The persuader attempts to convince the respondent to comply by making a large unrealistic unreasonable request that the respondent will most likely turn down, much like a metaphorical slamming of a door in the persuaders face.
The respondent is then more likely to agree to a second, more reasonable request, than if that same request is made in isolation.
It works on the basic human need of pleasing people. The subject feels guilty for having denied the first request and causing disappointment to the persuader, so when he is given a second choice (or a second chance), and a much more reasonable one at that, he finds it easier to accept it and redeem himself of his negative feelings, if you may.Examples
- IT department: They raise an unreasonable demand forcing you to agree to their actual reasonable demand without any interference.

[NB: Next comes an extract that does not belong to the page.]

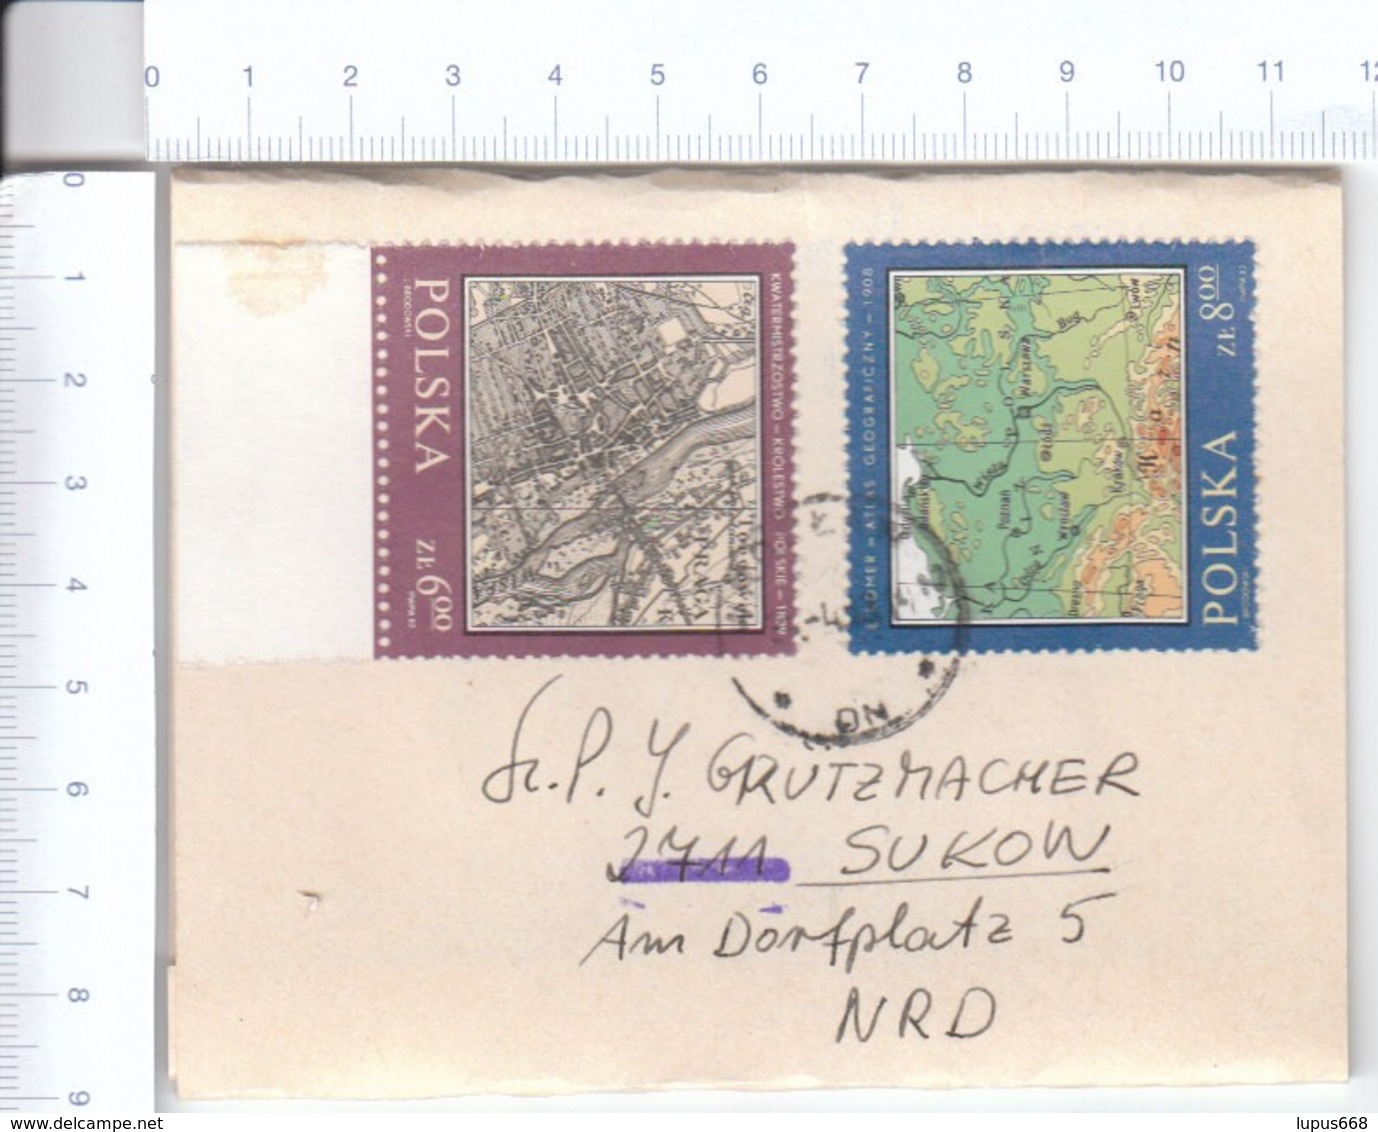 Polen 1982 MiNr. 2845, 2846 Auf Streifband/ Strip Band ; Histor. Landkarten; Dabei Polen, Stadtplan Von Prag - Geographie

- For any donation, tell your project with an unreasonable cost but then ask for a small amount as donation.
- The DITF involves a set pattern―first you get a no and then you get a yes. Ms R wants to go for a film in the evening and shell be home by 9 pm. She knows that her parents wont like her staying out so late. So, she asks her parents whether she can be home by 12 am and is immediately refused. She then follows that up by requesting for a 9 pm slot and is granted permission.
- All governments do it, raise the petrol price or the GST by 18% and then give 10% subsidy
Foot-in-the-door (FITD) technique: The persuader begins with a small request and gradually increases the demands of each request. This is a usual bargaining in day to day life.
Both the FITD and DITF techniques increase the likelihood a respondent will agree to the second request.